Отец Ярополка, прежний киевский владетель Изяслав, два года тому назад пал в сече с буйными крамольными князьями Борисом и Олегом Святославичем, помогая вместе с сыном князю Всеволоду воротить отобранный у того Чернигов, и теперь Всеволод, чтя память погибшего брата, не поскупился на уделы его сыновьям. Святополка утвердил в Новгороде, Ярополку же, почитай, отдал всю Западную Русь. Много хлопотала о сыновнем уделе энергичная мать Ярополка – вдовая княгиня Гертруда, дочь польского короля Мешко Второго4 и германской принцессы Риксы.

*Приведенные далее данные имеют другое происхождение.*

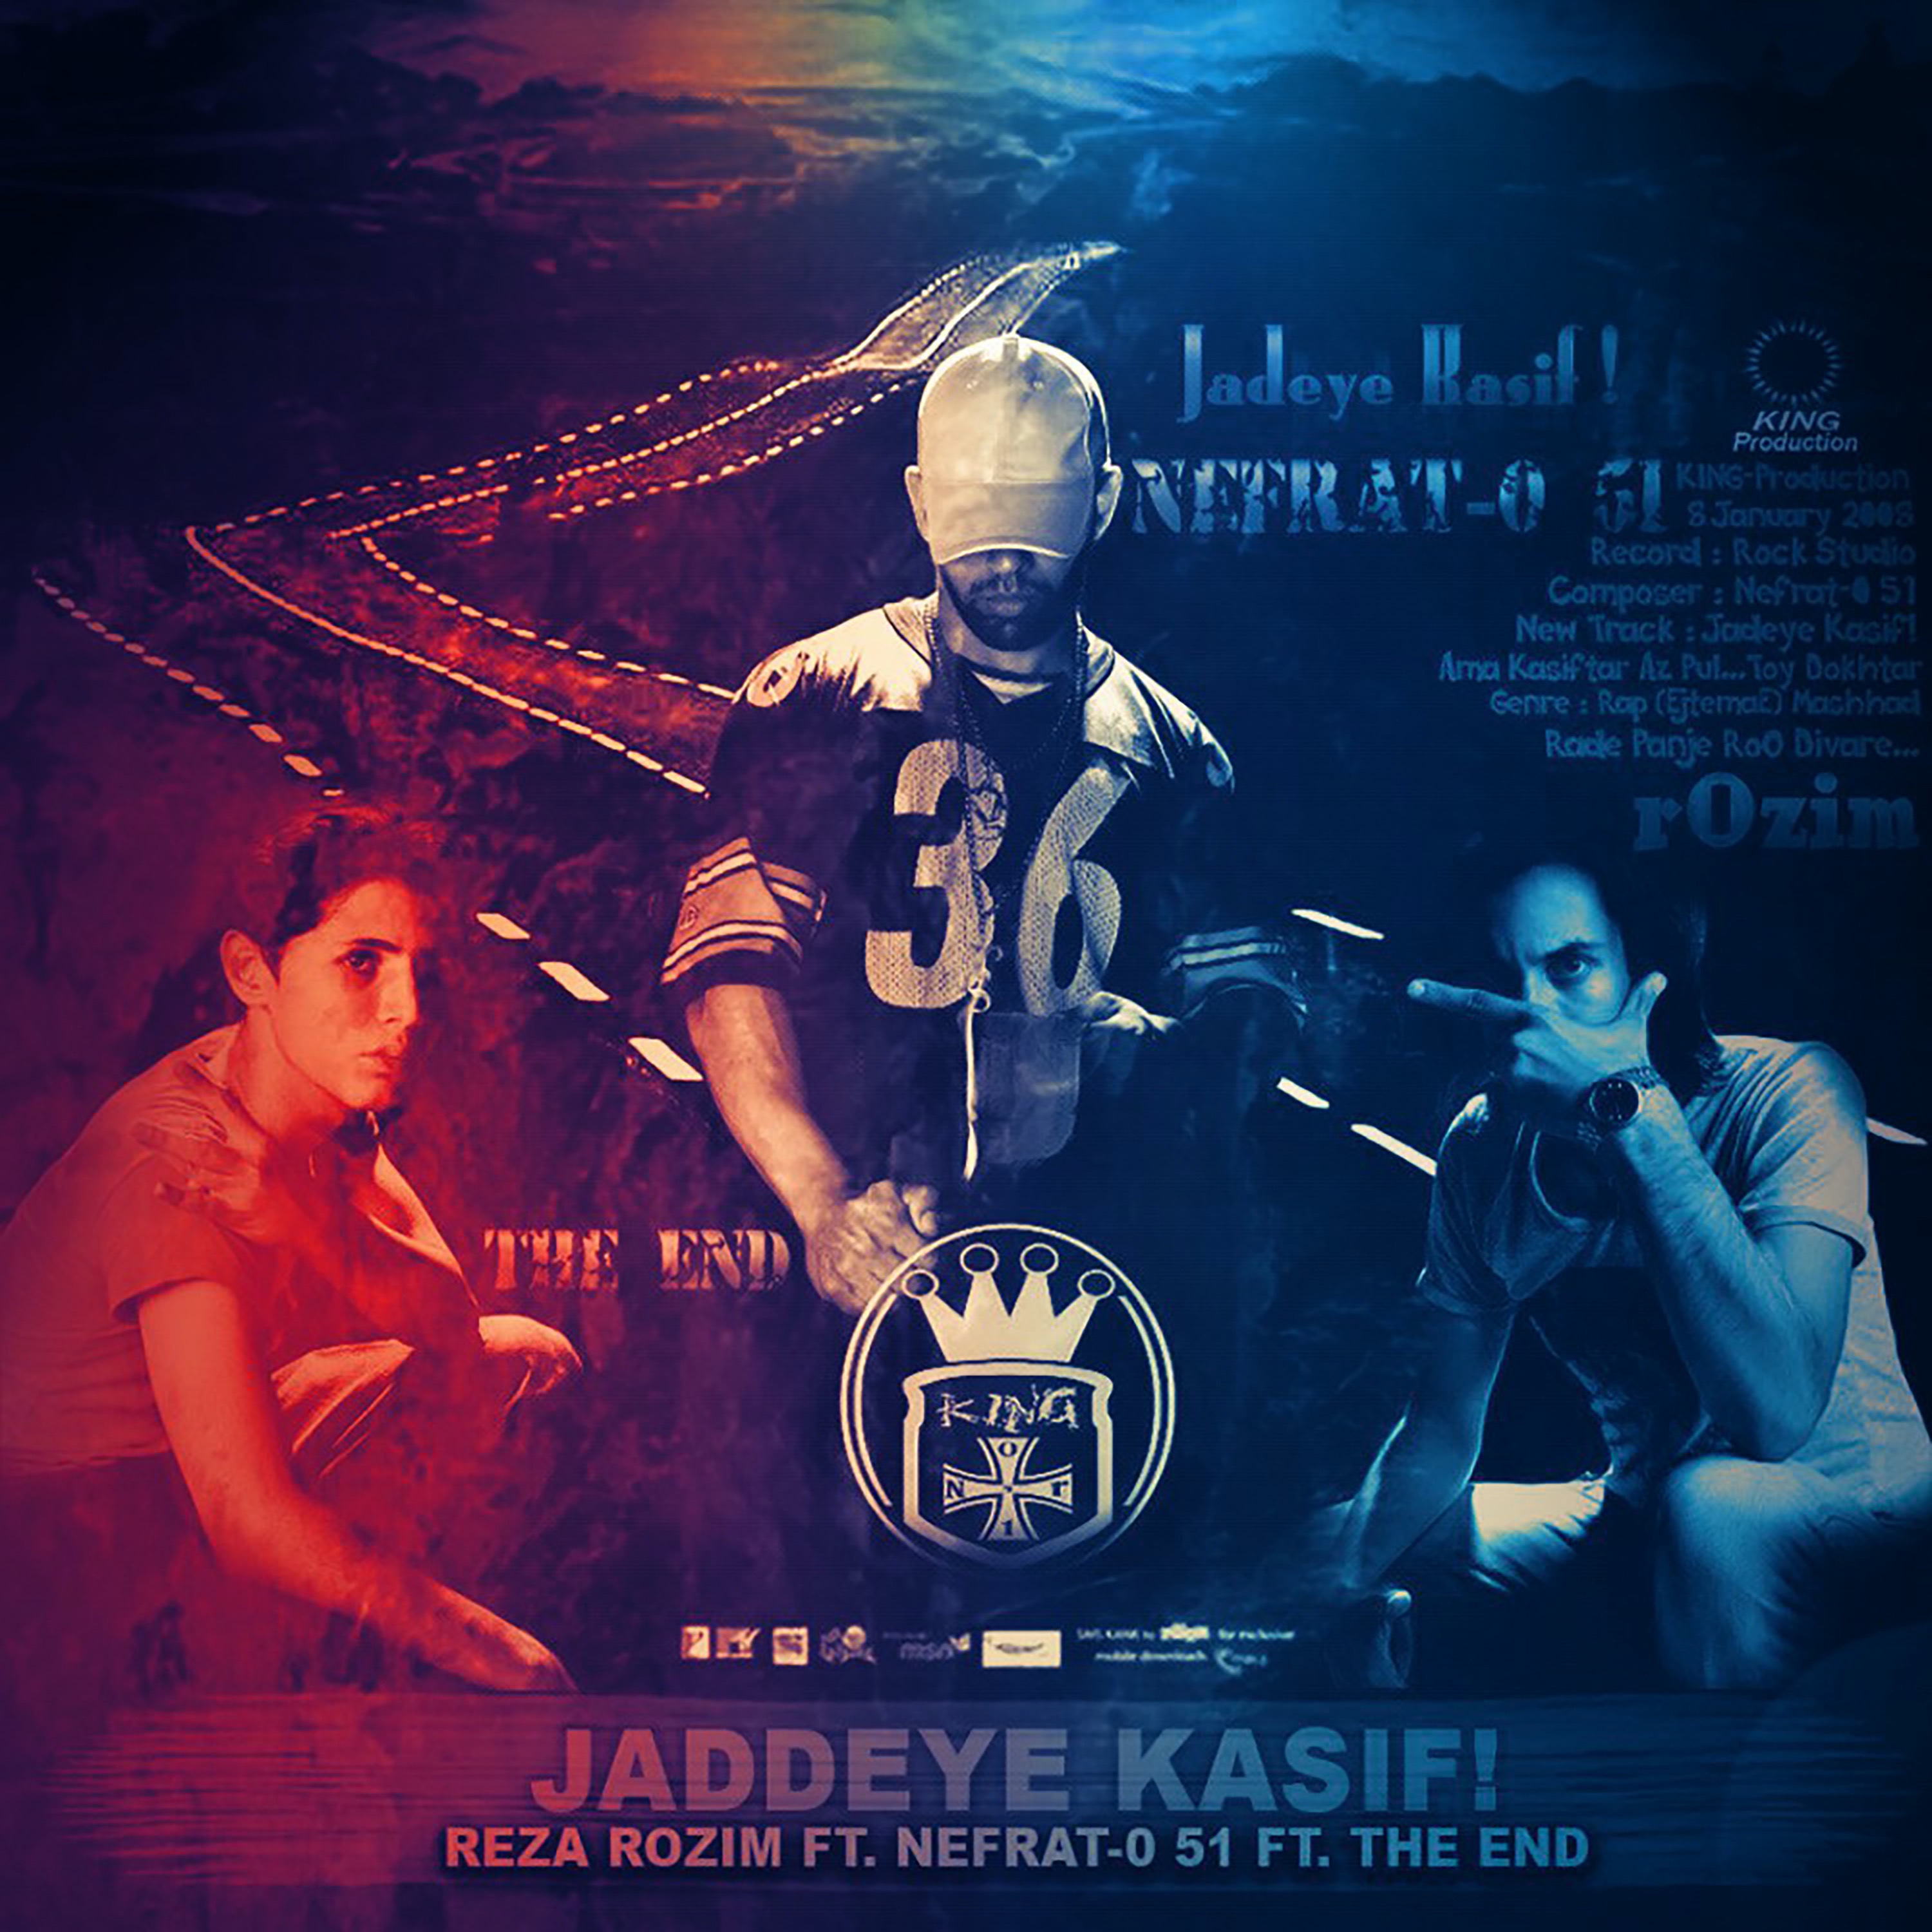  دانلود آهنگ جدید رُظیم - جاده کثیف | Download New Music By Reza Rozim - Jaddeye Kasif (feat. Nefrat 051 & The End)

Ещё ранее, когда довелось почившему Изяславу с супругой и детьми мыкаться по Европе, будучи лишённым на Руси волости, уговорила Гертруда любимого сына своего перейти в латинскую веру. Побывал тогда Ярополк, Пётр в крещении, в самом Риме, лобызал украшенные крестами сандалии папы Григория и получил от римского святого отца грамоту, в коей присвоен был ему титул «короля Руси».
Супругой Ярополка стала немка Кунигунда, одна из дочерей маркграфа Оттона и Аделы Брабантской, молодшую же сестру свою, совсем ещё девочку, мыслил молодой князь выдать за юного Мешко, племянника польского властителя Владислава Германа5. Обрастая широкими связями на Западе, мечтал Ярополк, а ещё более – честолюбивая мать его, о большем.
Одна забота, пожалуй, одна неприятность стояла на пути вверх молодого сына Изяслава. Называлась она: князья-изгои, безудельные родичи.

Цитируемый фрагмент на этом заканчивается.